February 9th, 2010 ethancasey 2 comments
Some of the impressive children of the impressive children of the Pakistani-American community mentioned in the blog entry below - volunteers at a fundraising dinner for Todd Shea's organization CDRS Pakistan at the Islamic Association of Greater Detroit, Troy, Michigan, January 23, 2010.

Some of the impressive children of the Pakistani-American community mentioned in the blog entry below - volunteers at a fundraising dinner for Todd Shea's organization CDRS Pakistan at the Islamic Association of Greater Detroit, Troy, Michigan, January 23, 2010.

The shock waves of the earthquake in Haiti reached as far as Seattle, where my life and plans have been thrown out of whack. Whenever I feel especially depressed or overwhelmed, though, I put my problems in perspective by reminding myself how much more disruptive, to put it mildly, the earthquake has been to Haitians.
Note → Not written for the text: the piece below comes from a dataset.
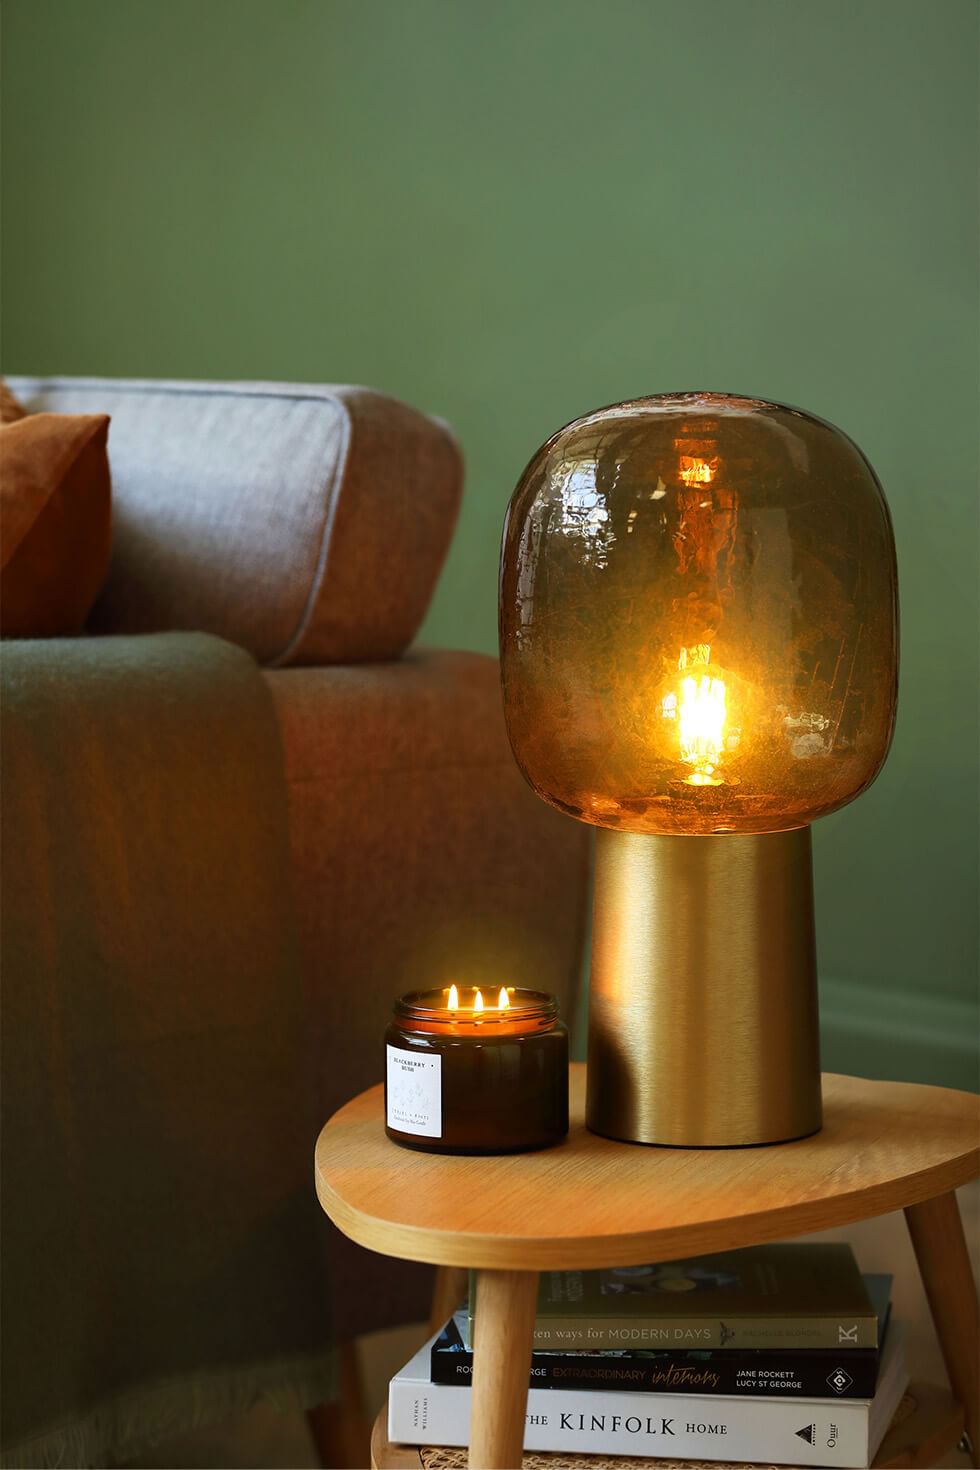 Stylish table lamp casting a warm glow

Why have I been so affected? Any sensitive person would be, but for me it’s directly personal. Haiti was the first place I ever traveled outside the United States, at age 16 in 1982 with my father. How and why that happened, what it led to in my life, and what it means to me now in the earthquake’s aftermath is a long story - so long that I’m now planning to spend the rest of 2010 writing a book about it.

(You can support my independent reporting and public speaking by pre-purchasing that book and/or my other book Overtaken By Events: A Pakistan Road Trip, which will be published this March. See this site’s Books page. Until further notice I will donate 20% of all proceeds to the relief work Todd Shea of CDRS Pakistan is doing in Pakistan and Haiti.)
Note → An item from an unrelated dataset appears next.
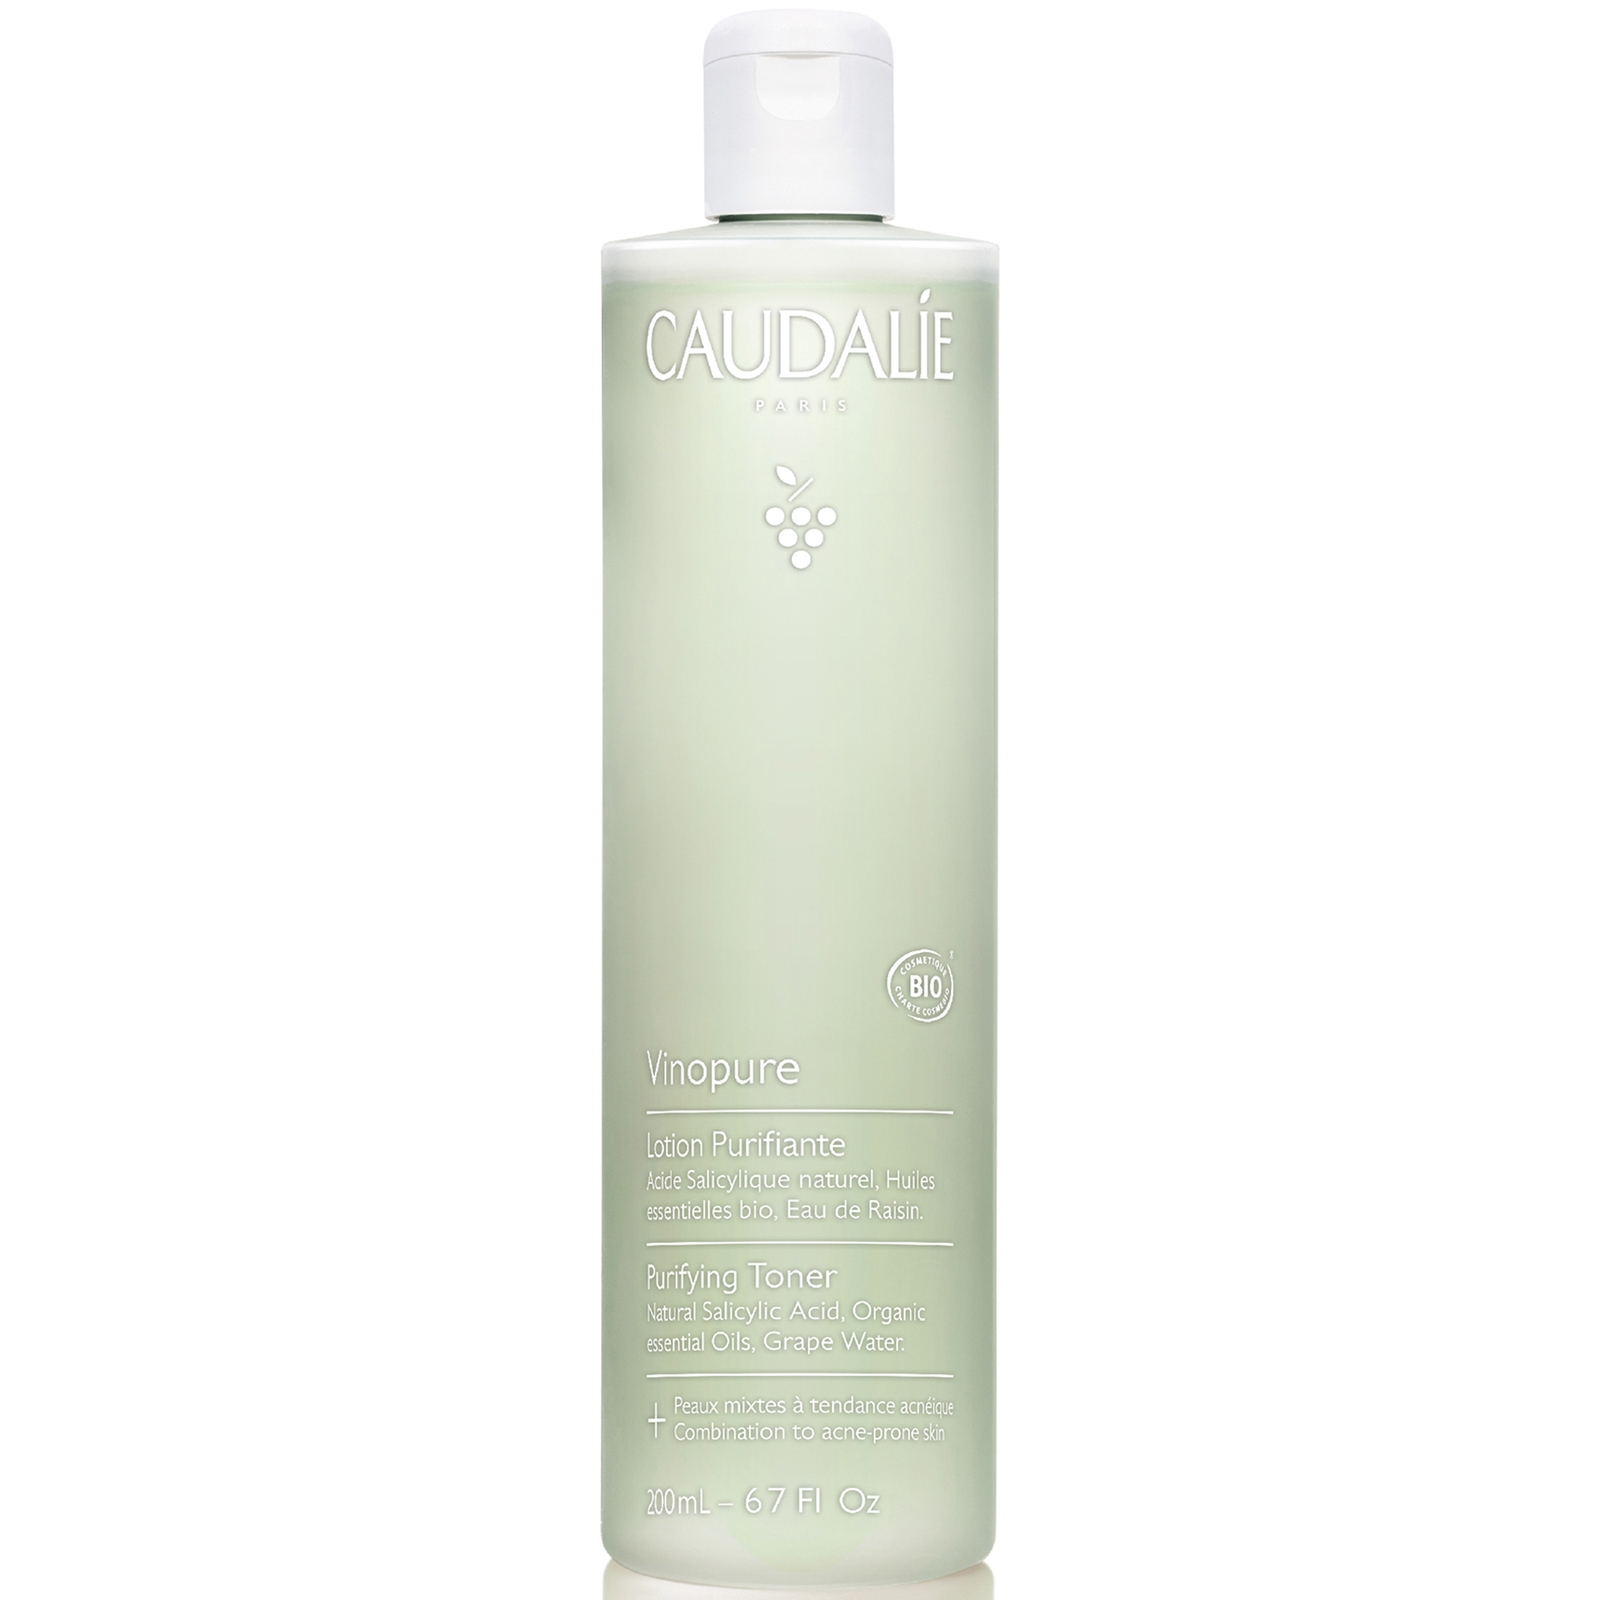 Photos - Facial / Body Cleansing Product Caudalie Vinopure Purifying Toner 200ml

The earthquake is affecting the conversations I’m having with both the Pakistani-American community and mainstream America, in powerful and poignant ways. In Michigan, where I went January 20-24 to fill in for Todd Shea (who is still in Haiti as I write this), I found myself thanking a Pakistani audience for contributing not only its talents and material resources, but also its impressive children, to help build the new, improved America we all desperately need and yearn for in the 21st century, and invoking the Haitian Creole phrase Tout moun se moun - “All people are people” - to support my contention that Haiti means a great deal to all of us, that we’re all in this together. In Colorado, where I am now, I’m seeing old friends with whom I visited Haiti many years ago and telling audiences at talks arranged months ago about how, for me, the long and winding road to Pakistan ran through - indeed began in - Haiti.
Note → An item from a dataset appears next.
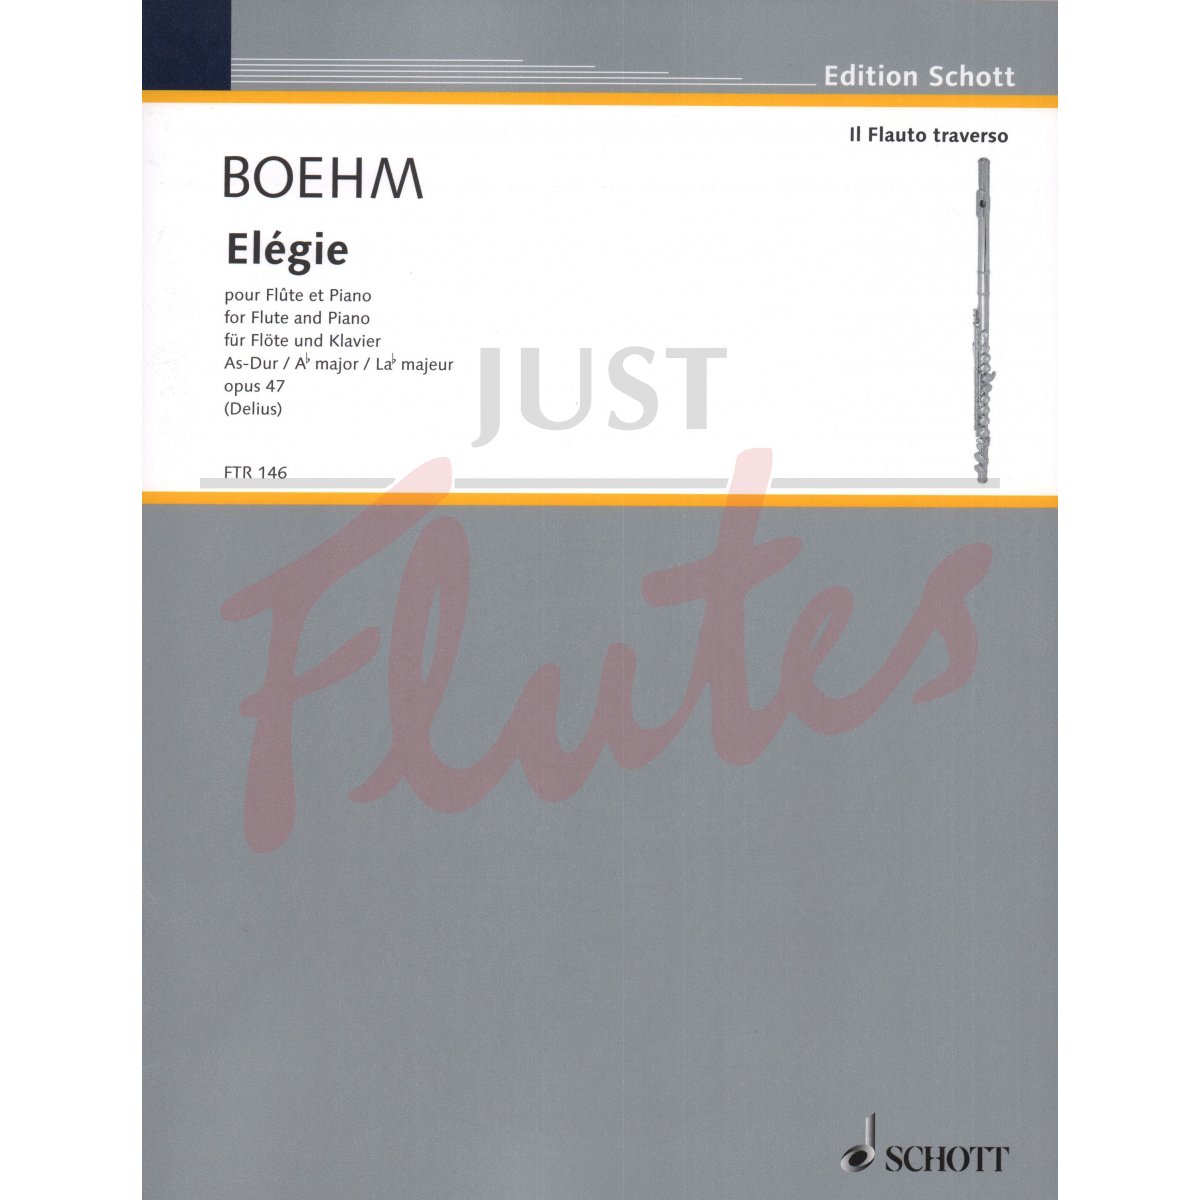 Elégie in Ab major for Flute and Piano

But what does Haiti really have to do with Pakistan? Well, you tell me. This blog entry is an appeal to all Pakistanis, and others, to share your stories of the October 8, 2005 earthquake in Pakistan. Please post comments, or email me, telling where you were when that earthquake happened, what it meant to you - whether as a Pakistani, as a Muslim, or as a human being - how you felt about Pakistan’s and the world’s response to it, its longer-term significance, and similarities or differences you see between it and the earthquake in Haiti. Your stories will help shape and inform the book I’m writing. We’re all in this together. Tout moun se moun.